Work required -
Start to finish, return the listing below exactly, pictures excluded.

Data section START

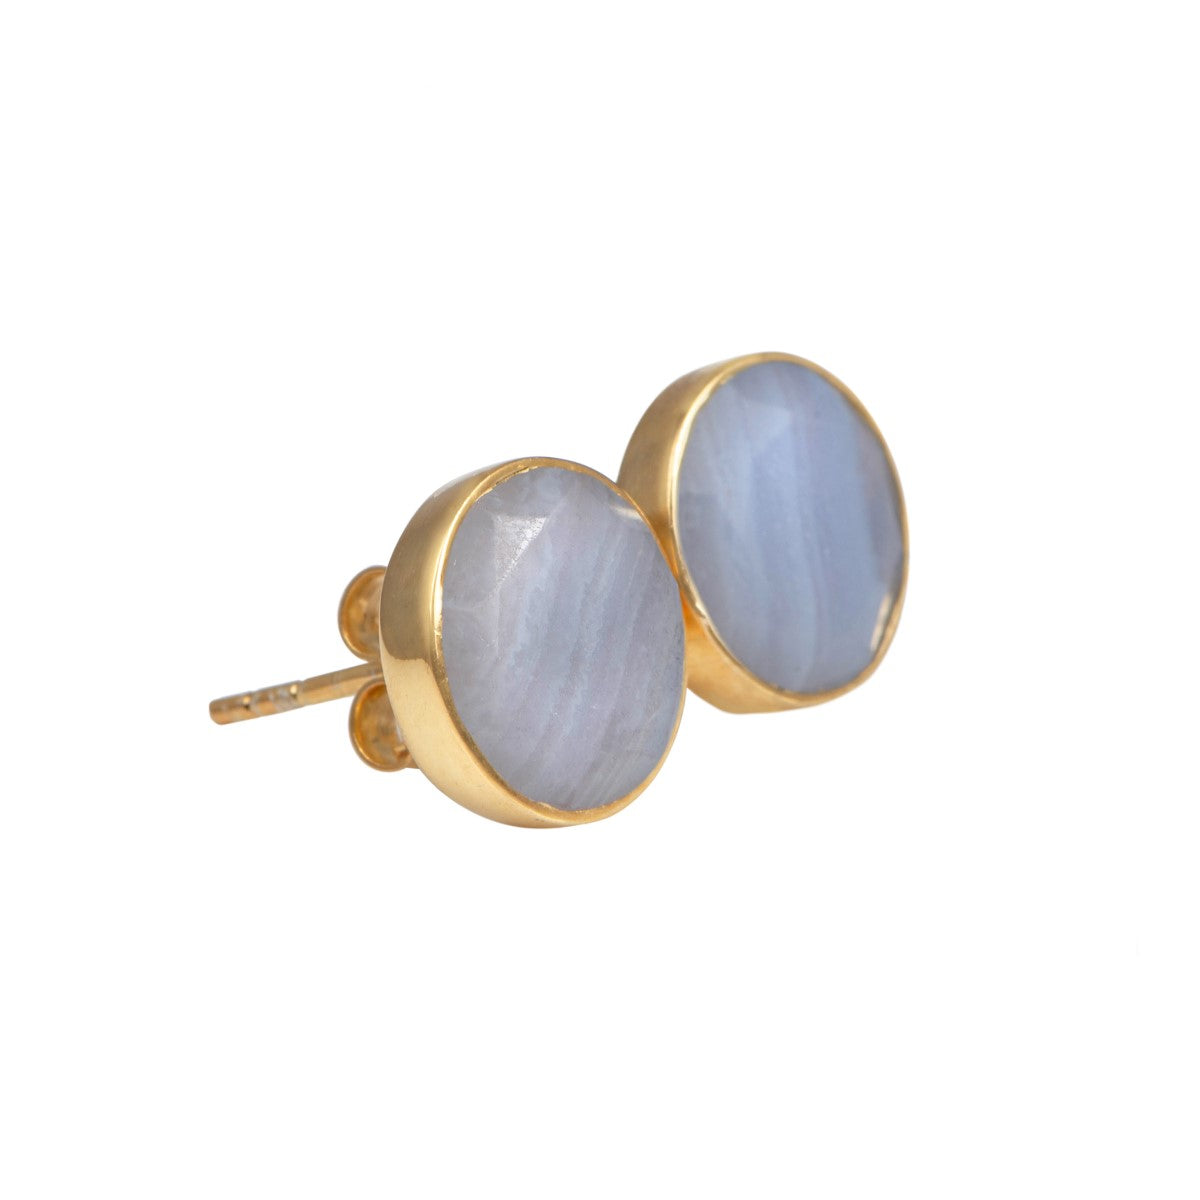 Blue Laced Agate Studs in Gold Plated Sterling Silver with a Round Faceted Gemstone
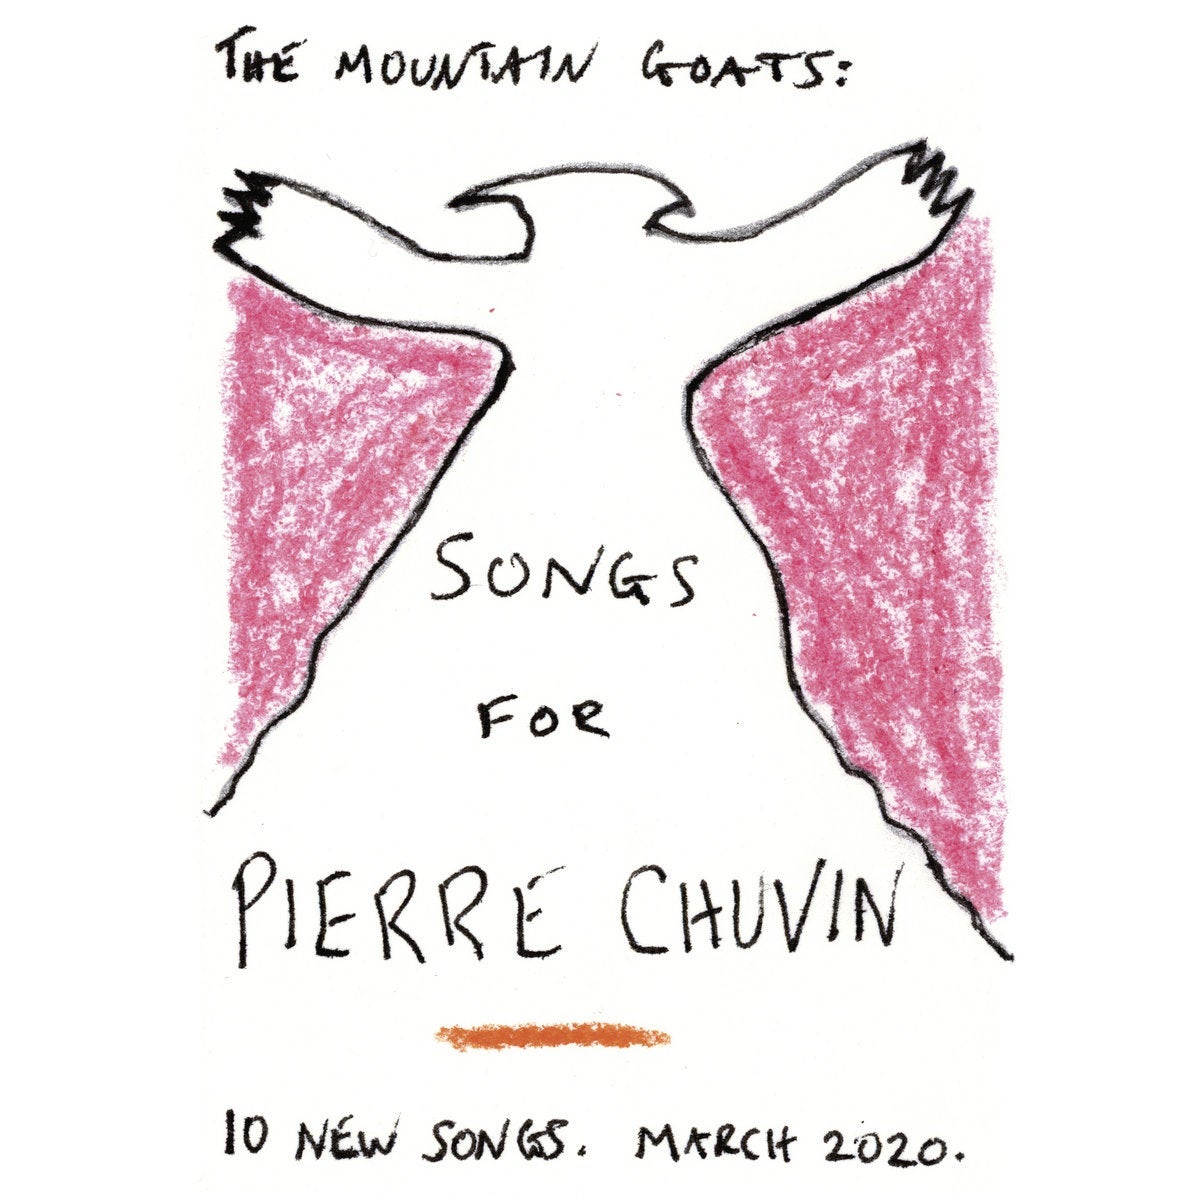 Cover of Songs for Pierre Chuvin.
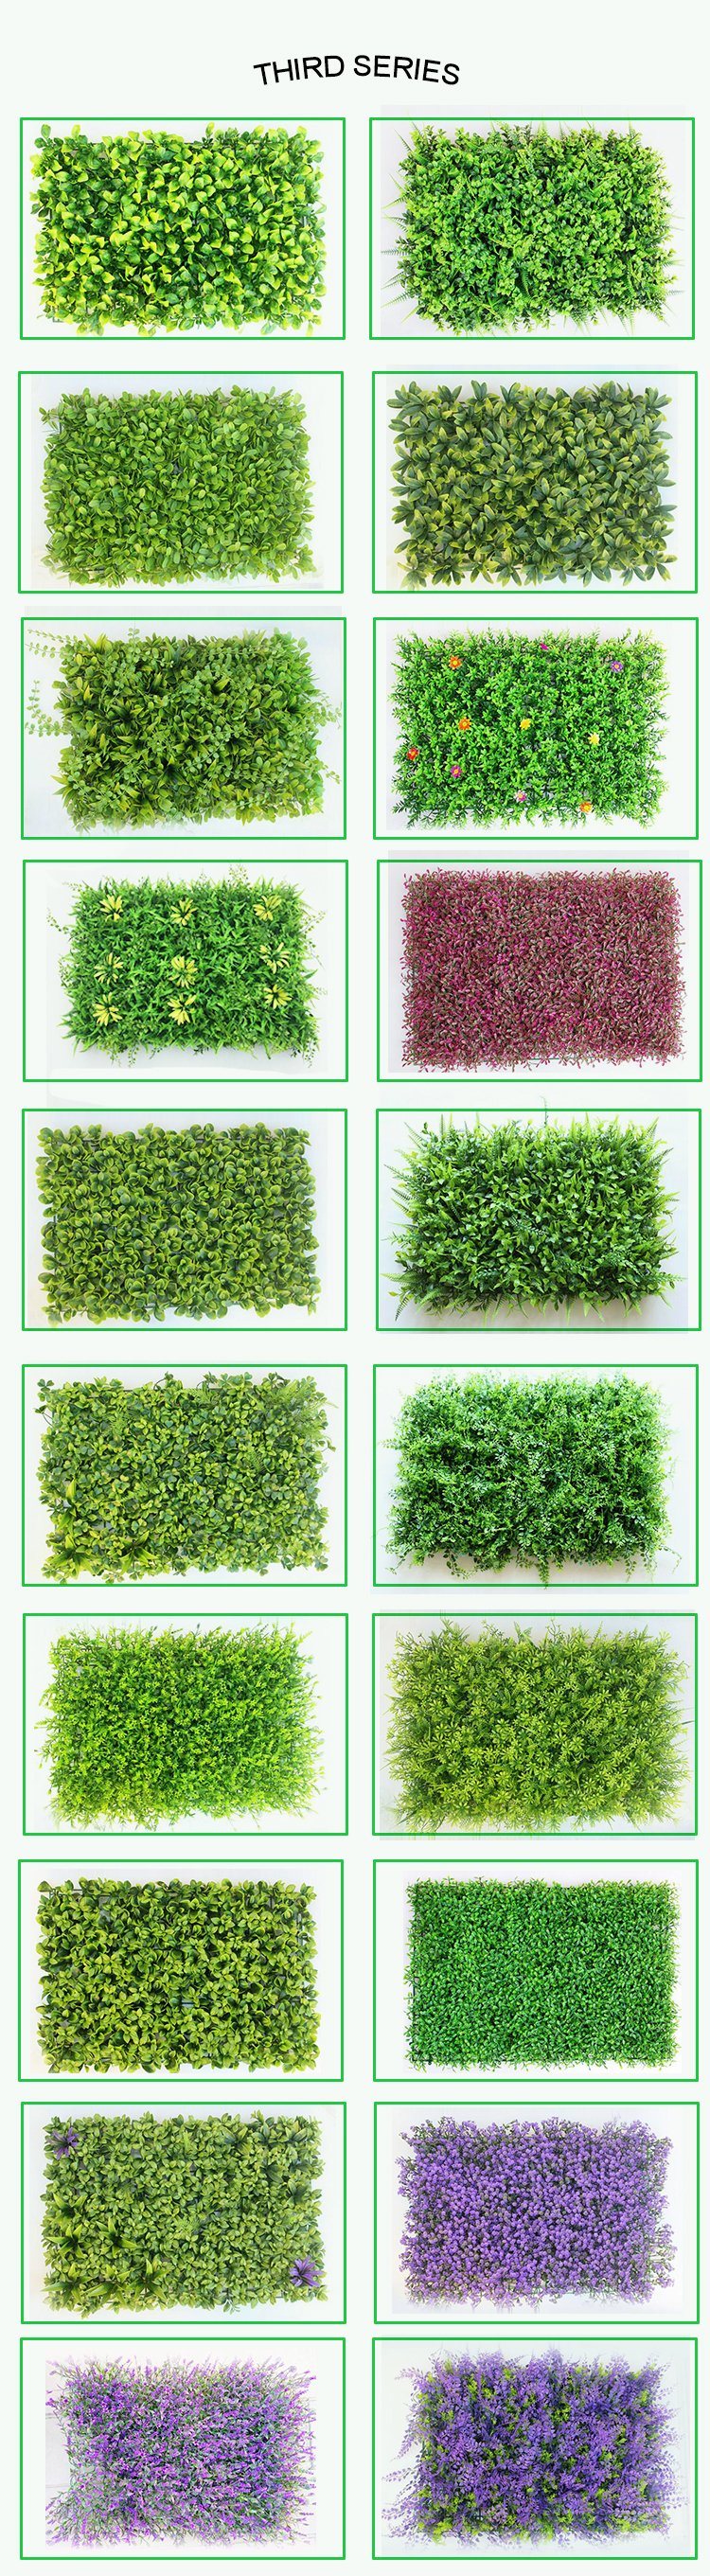 Landscape Artificial Plastic Green Leaves Fence Boxwood Hedge Artificial IVY Fence for Decorative Garden
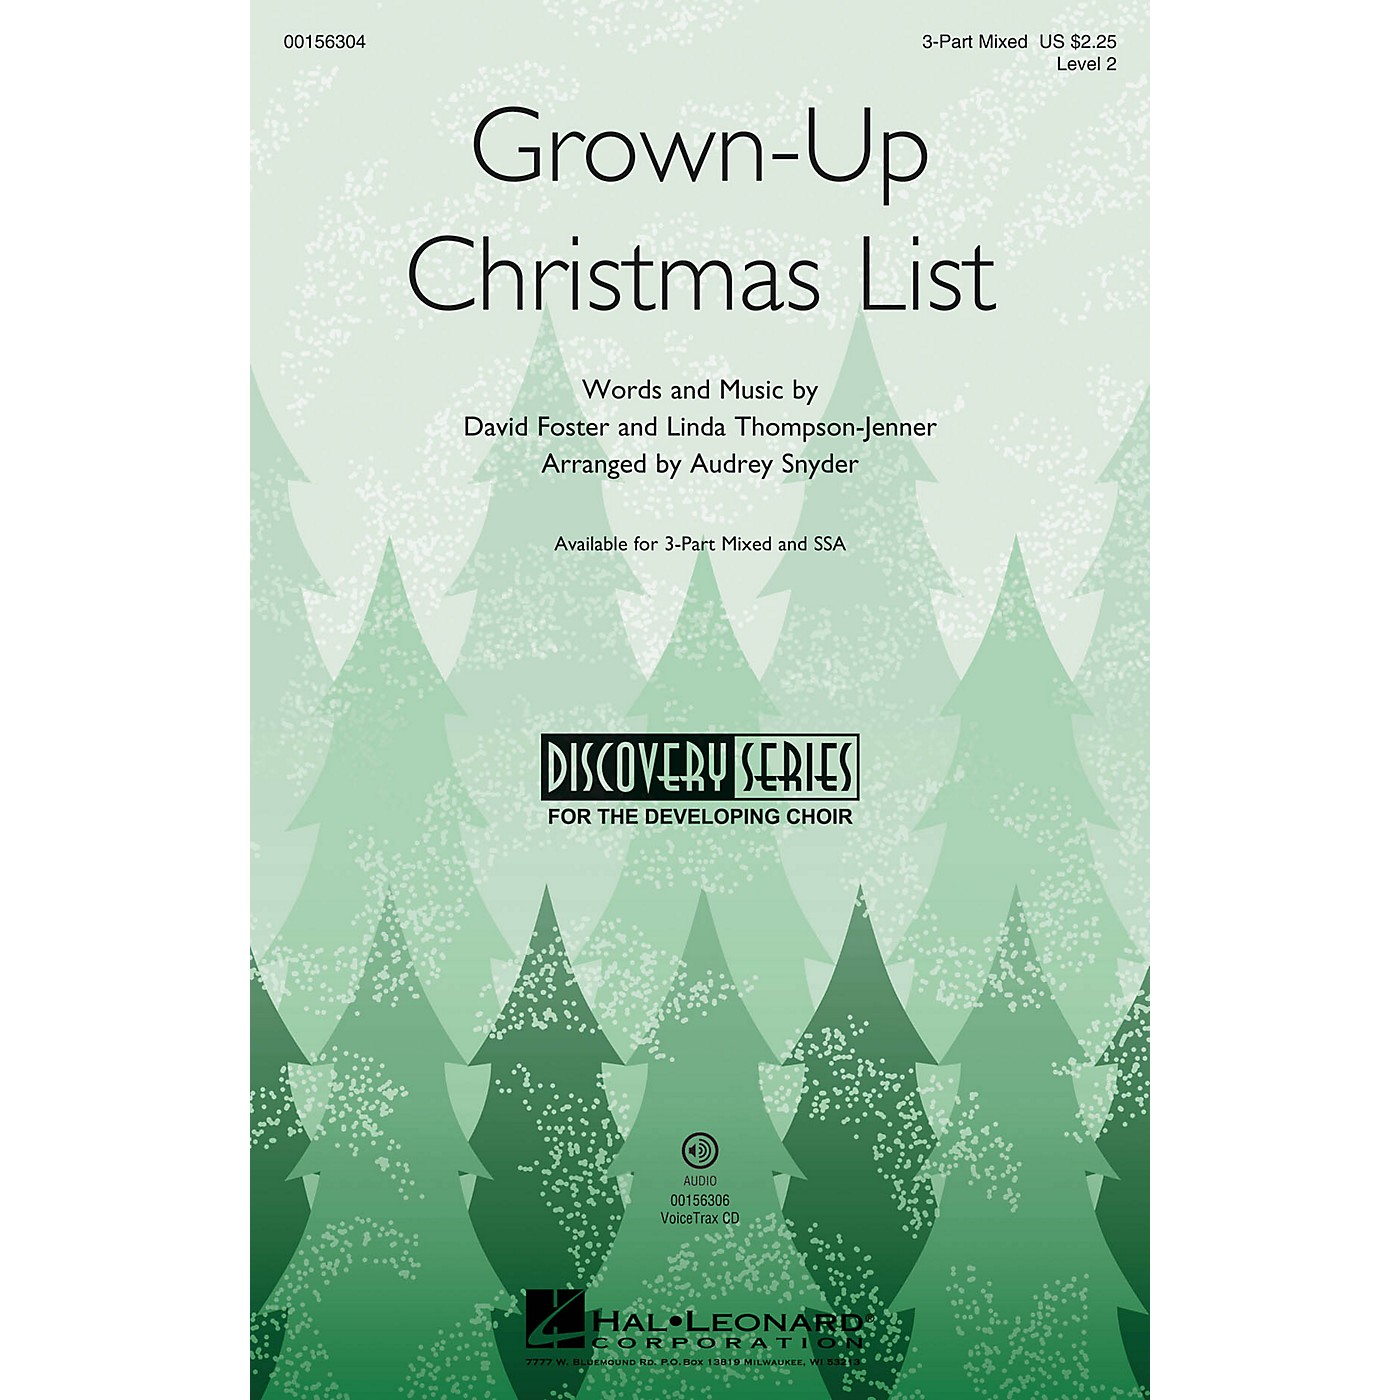 Hal Leonard Grown-Up Christmas List (Discovery Level 2) 3-Part Mixed arranged by Audrey Snyder thumbnail

Data section END

Task response -
 Blue Laced Agate Studs in Gold Plated Sterling Silver with a Round Faceted Gemstone
 Cover of Songs for Pierre Chuvin.
 Landscape Artificial Plastic Green Leaves Fence Boxwood Hedge Artificial IVY Fence for Decorative Garden
 Hal Leonard Grown-Up Christmas List (Discovery Level 2) 3-Part Mixed arranged by Audrey Snyder thumbnail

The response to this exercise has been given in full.